La lettera inviata dai cinque gradi: Germania, Francia, Italia, Gran Bretagna e Spagna, in cui si chiedeva alla Commissione di presentare un progetto per lo scambio automatico di informazioni sui depositi bancari dei non residenti, ieri alla riunione informale dei ministri Ecofin a Dublino ha rapidamente ottenuto l’adesione di Polonia, Belgio, Olanda e Romania. La settimana scorsa, poi, il Lussemburgo ha accettato di porre fine al segreto bancario a partire dal 2015. Cade così l’altro baluardo che aveva ostacolato finora tutta la normativa europea in materia di trasparenza delle operazioni bancarie e di lotta all’evasione.
«Quello della trasparenza e dello scambio automatico di informazioni è sempre stato il nostro paradigma: ora si passa dalla parola ai fatti. Non parliamo solo di scambio di informazioni come principio automatico ma siamo impegnati con gli altri Paesi a costruire le infrastrutture tecnologiche necessarie», ha spiegato il ministro dell’economia Vittorio Grilli.

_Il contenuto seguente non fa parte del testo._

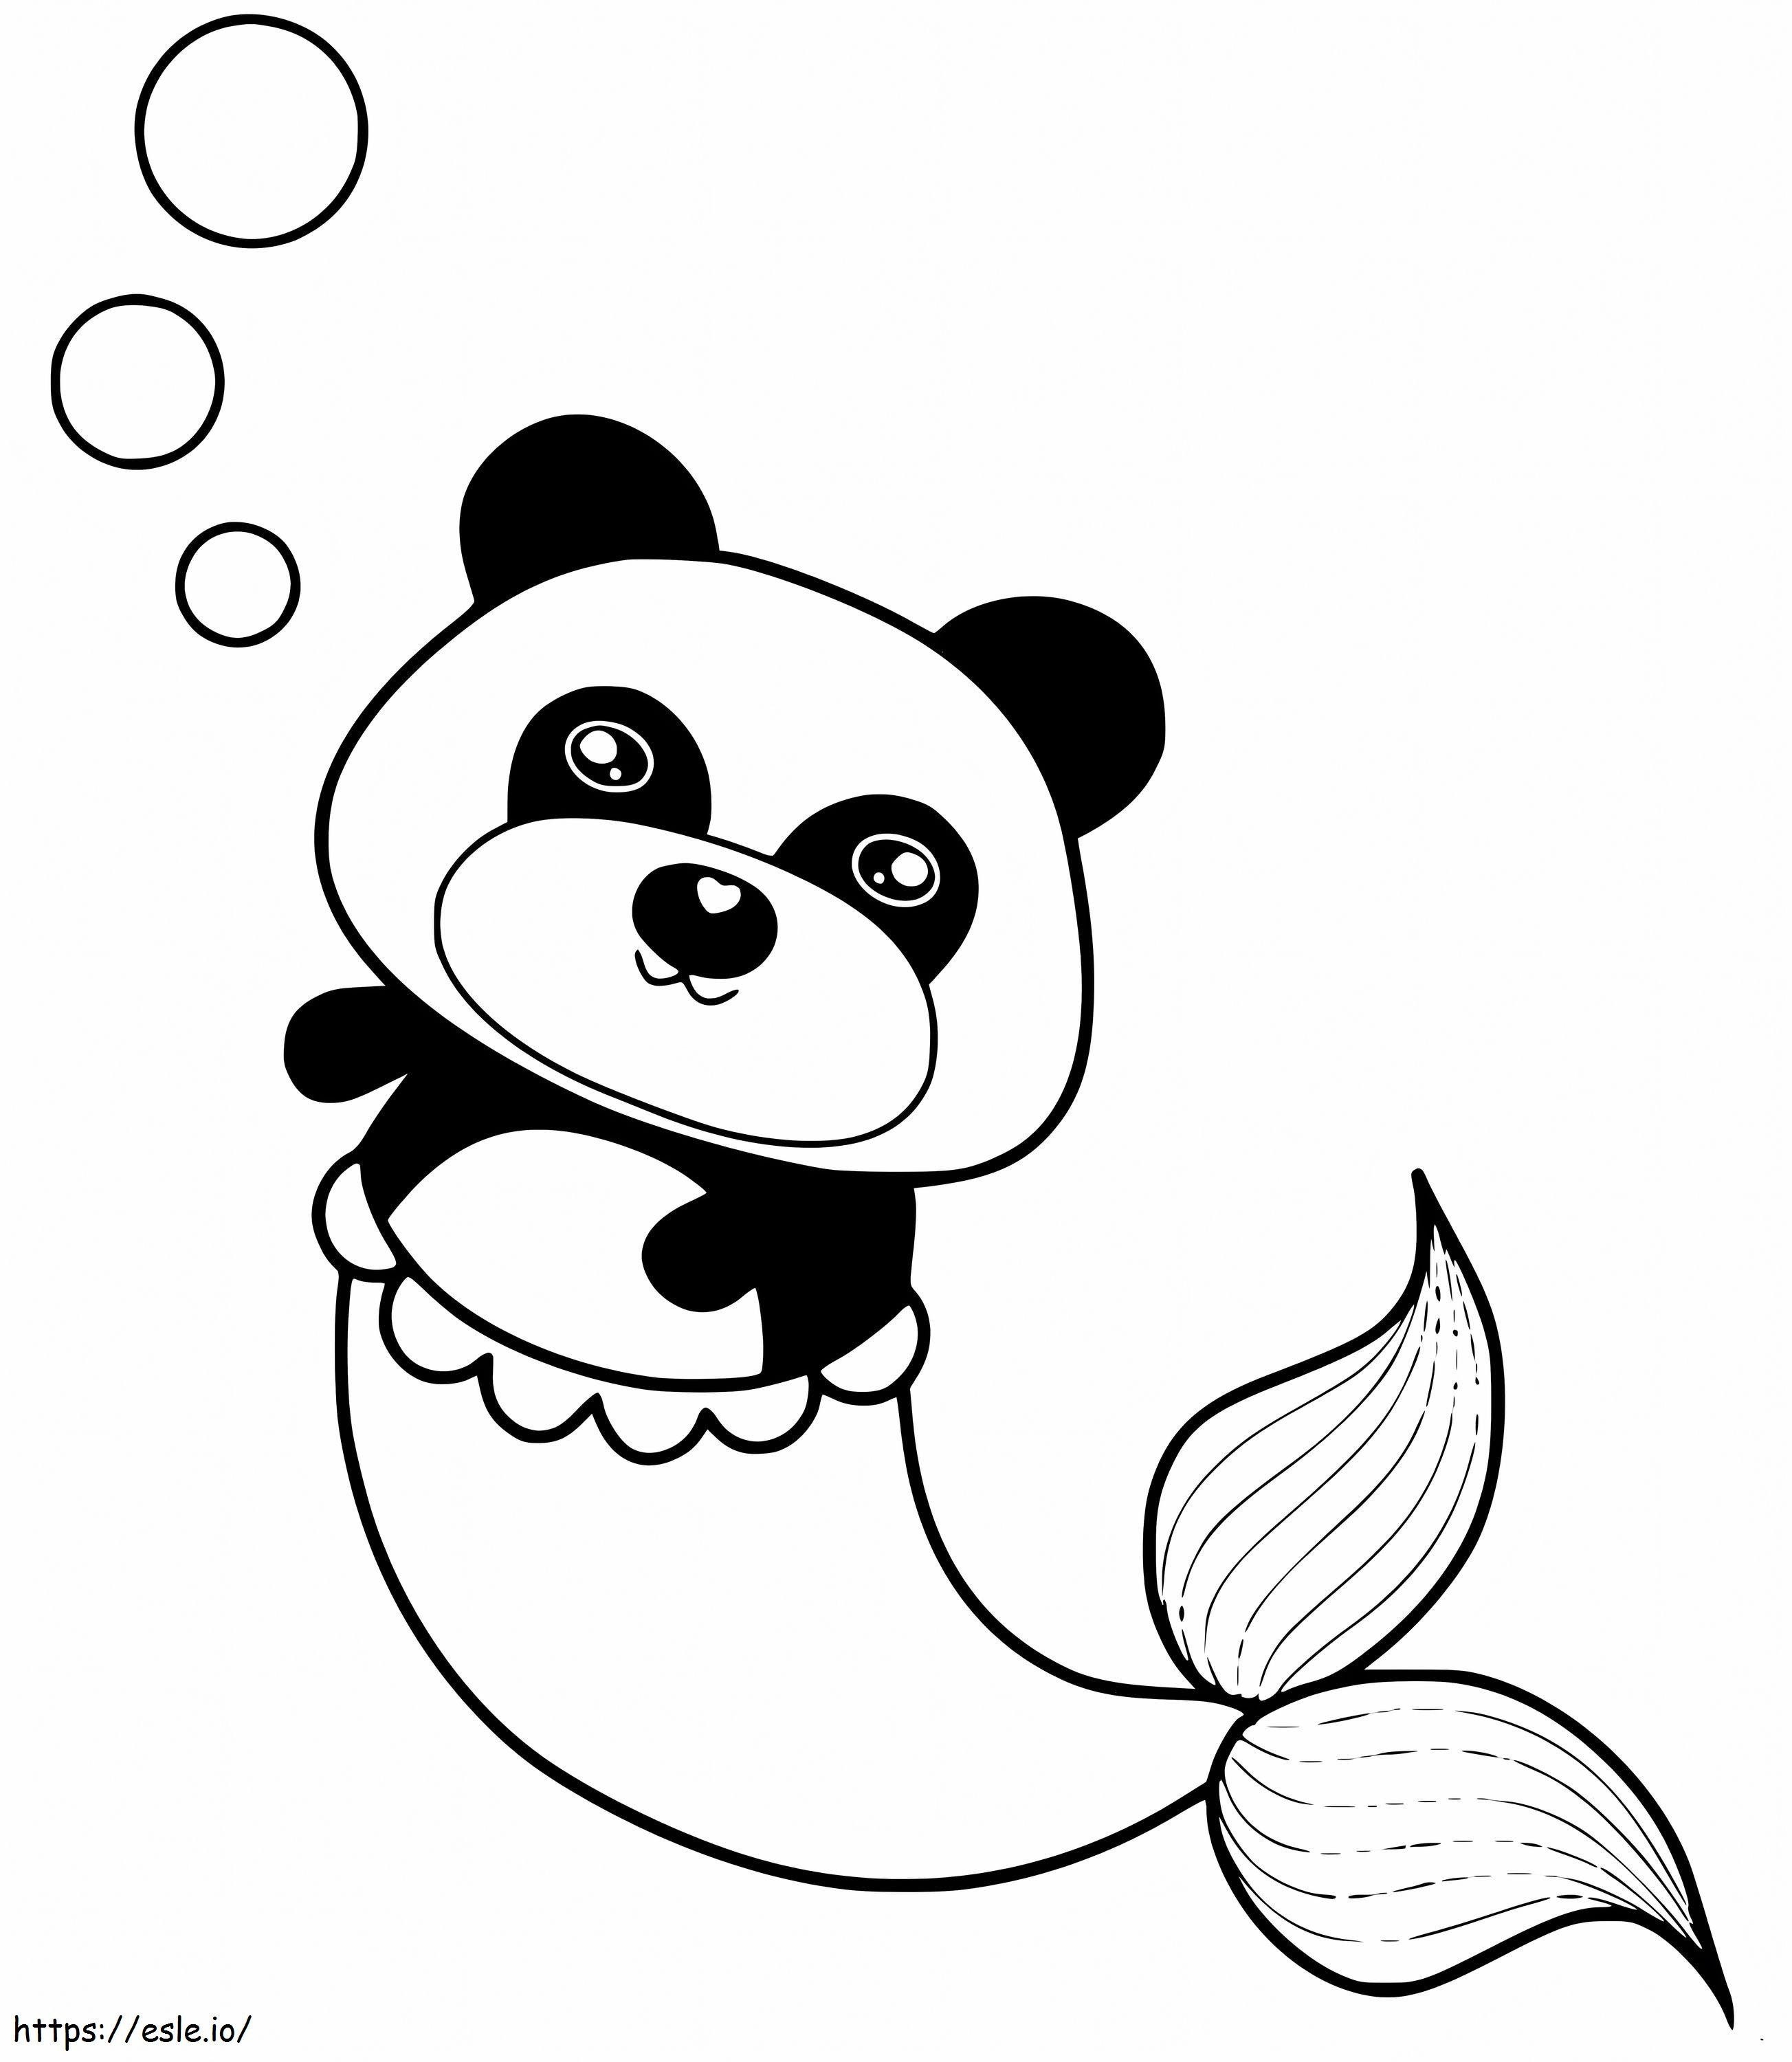 Panda Meerjungfrau 1 ausmalbilder

In realtà  i nove Paesi che hanno firmato la lettera, ed altri se ne aggiungeranno nei prossimi giorni, potrebbero lanciare una cooperazione rafforzata per aggirare il veto austriaco, come è già  stato fatto con la Tobin tax. Ma l’obiettivo è invece di mantenere la lotta all’evasione fiscale in sede comunitaria con decisioni condivise da tutti. «Credo che in Europa ci si appresti a decidere in tempi relativamente rapidi di allargare il campo d’azione della direttiva sui risparmi, e che tutti gli stati membri vi prenderanno parte», ha detto il ministro delle Finanze tedesco Schauble. La revisione della direttiva è stata presentata dalla Commissione nel 2008, ma è ferma da cinque anni proprio a causa dei veti posti finora da Austria e Lussemburgo. Fino ad ora Vienna mostra una intransigenza di facciata. «Ci batteremo per difendere il segreto bancario», ha dichiarato ieri la ministra dell’economia austriaca Maria Fekter. Ma il cancelliere Werner Fayman ha già  lasciato intendere che il governo è pronto a negoziare e che potrebbe alla fine togliere il veto. I ministri economici e finanziari riuniti a Dublino sono anche riusciti a fare qualche progresso verso la creazione dell’Unione bancaria. Dopo una discussione molto accesa, la Germania ha finalmente ritirato le riserve sulla decisione di affidare la vigilanza unica alla Bce. Ma ha ottenuto in cambio l’impegno che, appena possibile, la questione sarà  regolamentata con una modifica dei Trattati. Restano invece ancora in alto mare gli altri due pilastri dell’Unione bancaria: il meccanismo comune di risoluzione delle crisi e il fondo comune di garanzia sui depositi. Sul primo
la Germania sembra essere riuscita a far passare la sua linea, che è quella di un coordinamento dei sistemi nazionali piuttosto che la creazione di un meccanismo unico, come chiede la Bce. Quanto al fondo comune, resta bloccato dal veto di Berlino, che non vuol essere chiamata a pagare per il fallimento delle banche negli altri Paesi.